In the first part of this post on love, I went straight to 1 John 4 to say that God is love, and pointed out that, because God is the very definition of love, it's impossible to fully understand love. I believe that. However, in the Bible God offers three very clear explanations of God as love and, by extension, a model of love, even if we can't fully understand it or express it.
The first and most well-known example of God as love and as a model of love is John 3:16:
"For God so loved the world that he gave his only son, that whosoever believes in him should not perish, but have eternal life."
This verse probably deserves a post of its own. I don't have children yet, but I can't imagine giving up my only child, my child who I love more than I can explain in words, to save people other people I love, let alone people who don't know me or love me back. But that's exactly what God did for all of us. He sacrificed that we might not die.
The second part of God as love and as a model of how we are to love is service. One of the most poignant examples of service found in the Bible is when Jesus washes his disciples' feet...

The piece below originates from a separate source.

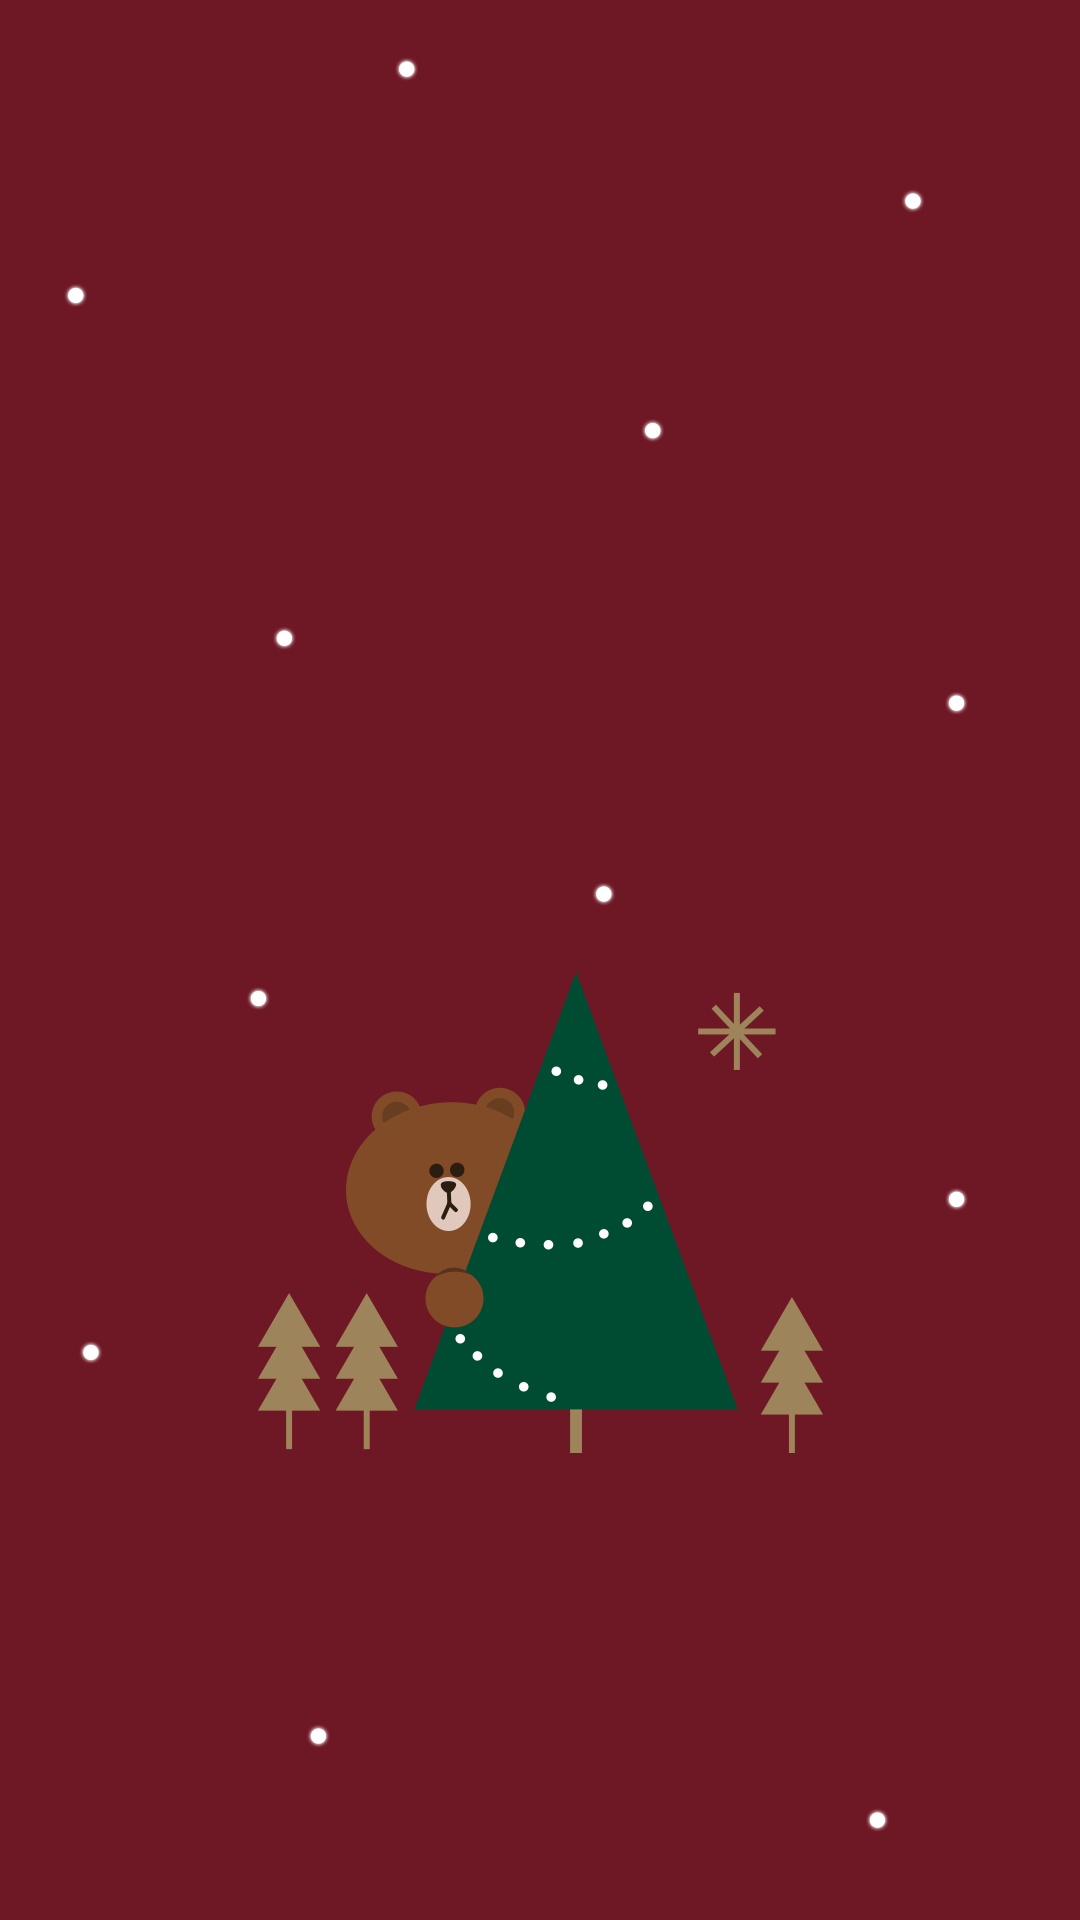 Line Deco公式アカウント Lineフレンズのクリスマス コレクション出ましたよ ブラウン コニー サリーのクリスマス 壁紙可愛いよね ブラウンの可愛い画像 Http T Co Vhykl5qulm

"Jesus, knowing that the Father had given all things into his hands, and that he had come from God and was going back to God, rose from supper. He laid aside his outer garments, and taking a towel, tied it around his waist. Then he poured water into a basin and began to wash the disciples' feet and to wipe them with towel that was wrapped around him...'Do you understand what I have done to you? You call me Teacher and Lord, and you are right, for so I am. If I then, your Lord and Teacher, have washed your feet, you also ought to was one another's feet. For I have given you an example, that you also should do just as I have done to you." John 13:3-5, 12-15
It's hard to explain or understand the significance of this event given the fact that the majority of people I come into contact with every day wear shoes. Think about spending a week walking around in a cornfield bearfoot and then going to the White House for dinner and having the President of the United States wash your feet for you as you sit at his table, and you can beging to have some idea of what was going on here. What is more important than the act of service, however, is the attitude of service. Jesus is humble. He is serving not out of any motivation for self-promotion. He is serving as a demonstration of his love.

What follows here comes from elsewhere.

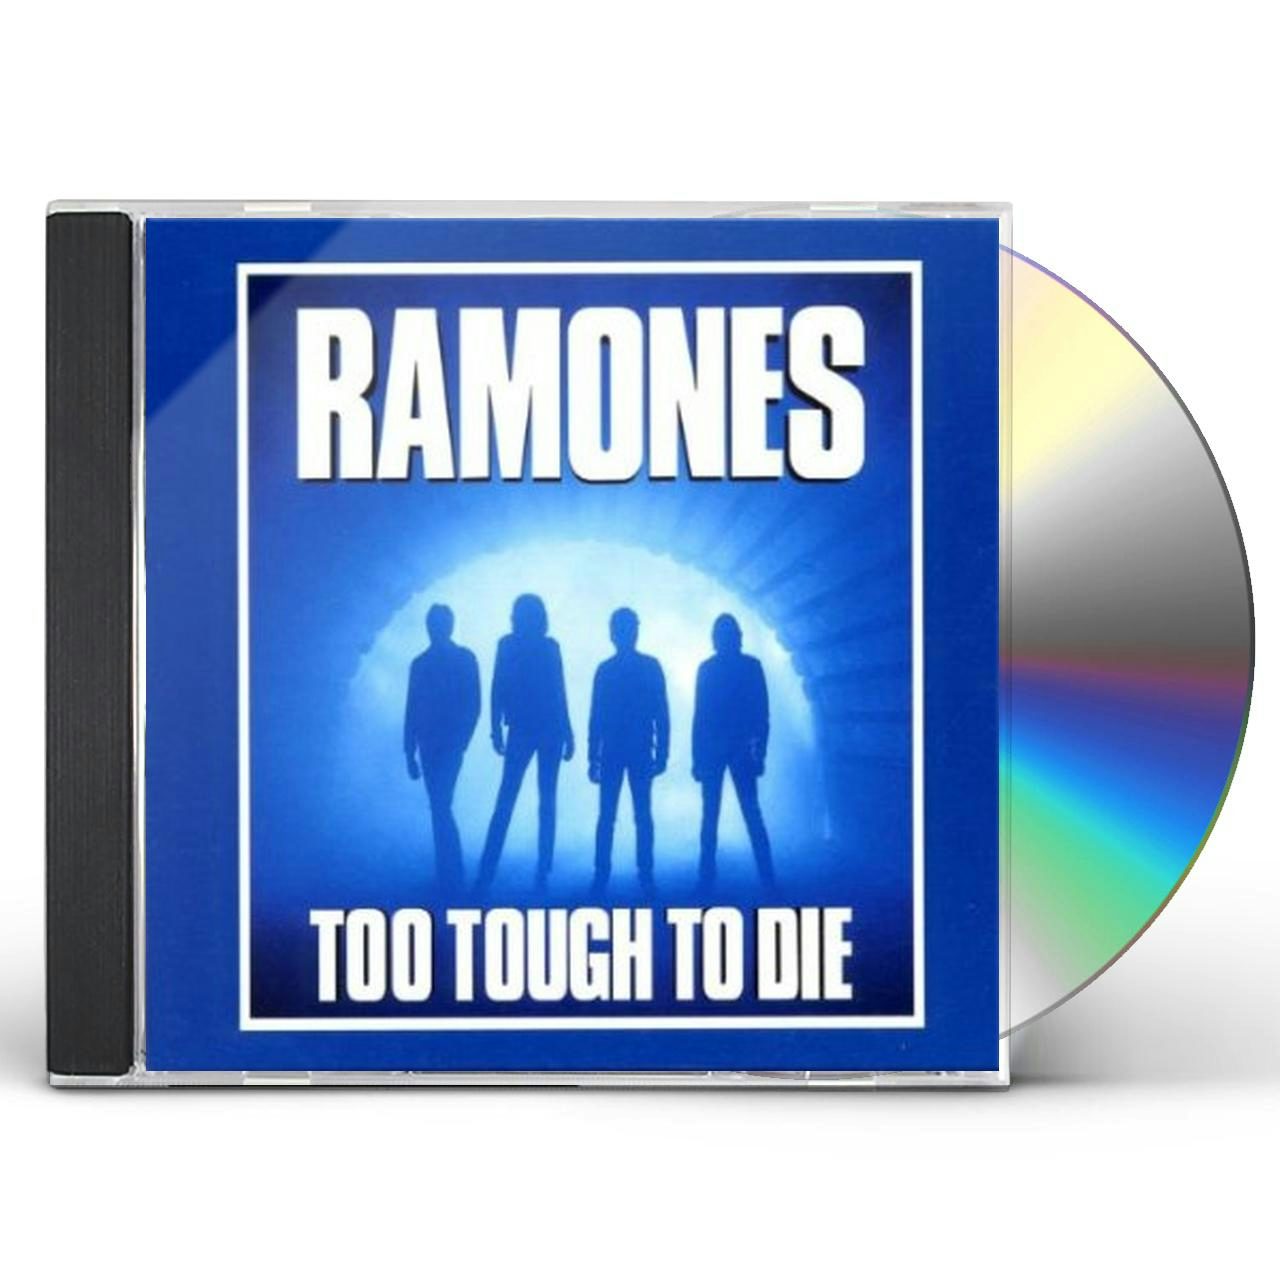 Ramones Too Tough To Dies Cd 1969 probe 16 (durango 95) from movie a clockwork orange (1971): merchbar

The third part of God as love and as our model of love is obedience. As with service, this isn't obedience out of compulsion. It's obedience out of genuine and complete devotion to another. There are several parables on obedience in the New Testament and several examples of obedience and the consequences of disobedience in the Old Testament, but the simplest and most powerful example of obedience in the Bible is Christ:
"Have this mind among yourselves, which is yours in Christ Jesus, how, though he was in the form of God, did not count equality with God a thing to be grasped, but made himself nothing, taking the form of a servant, being born in the likeness of men. And being found in human form, he humbled himself by becoming obedient to the point of death, even death on a cross." Philippians 2:5-8
Christ, God in human form, was obedient to the Father. Not obedient to the point of giving away an old piece of clothing or buying your friend lunch or cleaning up the kitchen after the dinner because your mom asked you to. Obedient to the point of death. Obedient in humility. Obedient not to be exalted, but because he loved all of us enough to sacrifice himself for us.

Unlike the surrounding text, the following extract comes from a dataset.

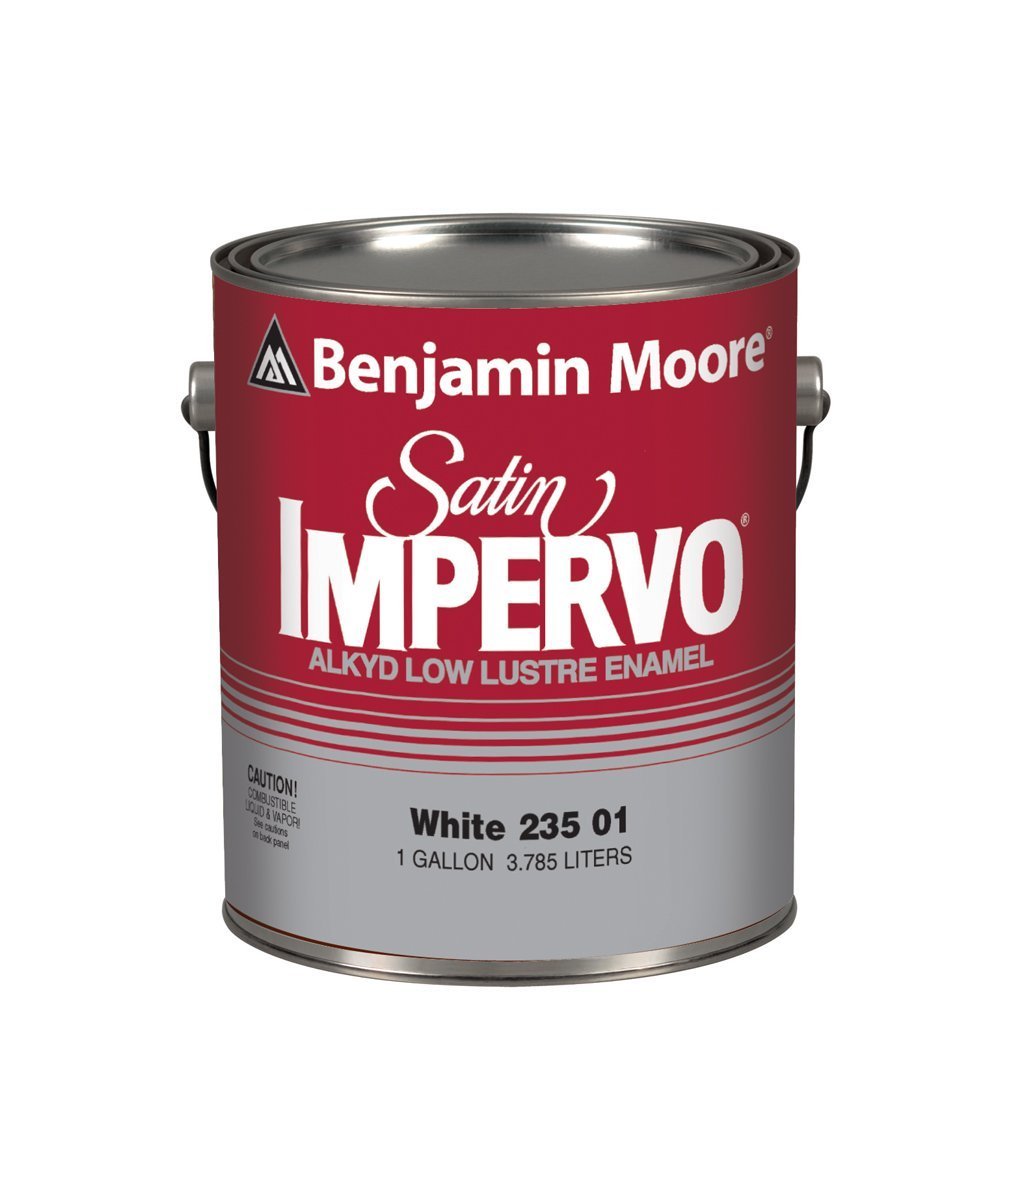 Benjamin Moore Satin Impervo interior paint available at JC Licht.

Taken together, these three examples of love leave us with a sort of incomprehensible, non-sensical picture of an idea that gets thrown around so carelessly and easily in everyday life. Love isn't that electricity that runs up and down the back of your neck when you meet someone you think you want to know forever. Love isn't some sort of fuzzy, make your head spin, make your heart race kind of emotion. Rather love is an active and ongoing choice. Love is sacrificing yourself and your desires no matter how much it hurts you because you know it helps the one you love. Love is serving in humility. Love is obedience as the perfect expression of your devotion. Love is totally and completely unselfish. How does this connect back to crazy love? It's crazy to try to think about how much God loves us. It's crazy to think that God is this perfect expression of obedience, sacrifice, and service, because this combination of sacrifice, service, and obedience runs against the grain of most definitions of love.
Ultimately, we can't experience or express this kind of love apart from Christ. Because this love isn't within human capacity, it's out of God's enabling. Merely thinking through my day today, who and what I was obedient to, what I sacrificed for, who I served, I have a long way to go in knowing and understanding this kind of love. But I still want to. I want to give and receive this choosing, self-sacrificing, perfect, holy kind of love in every kind of relationship I have. Because, to go back to something I said in part one of this blog, without this kind of love, this divine love, I am nothing.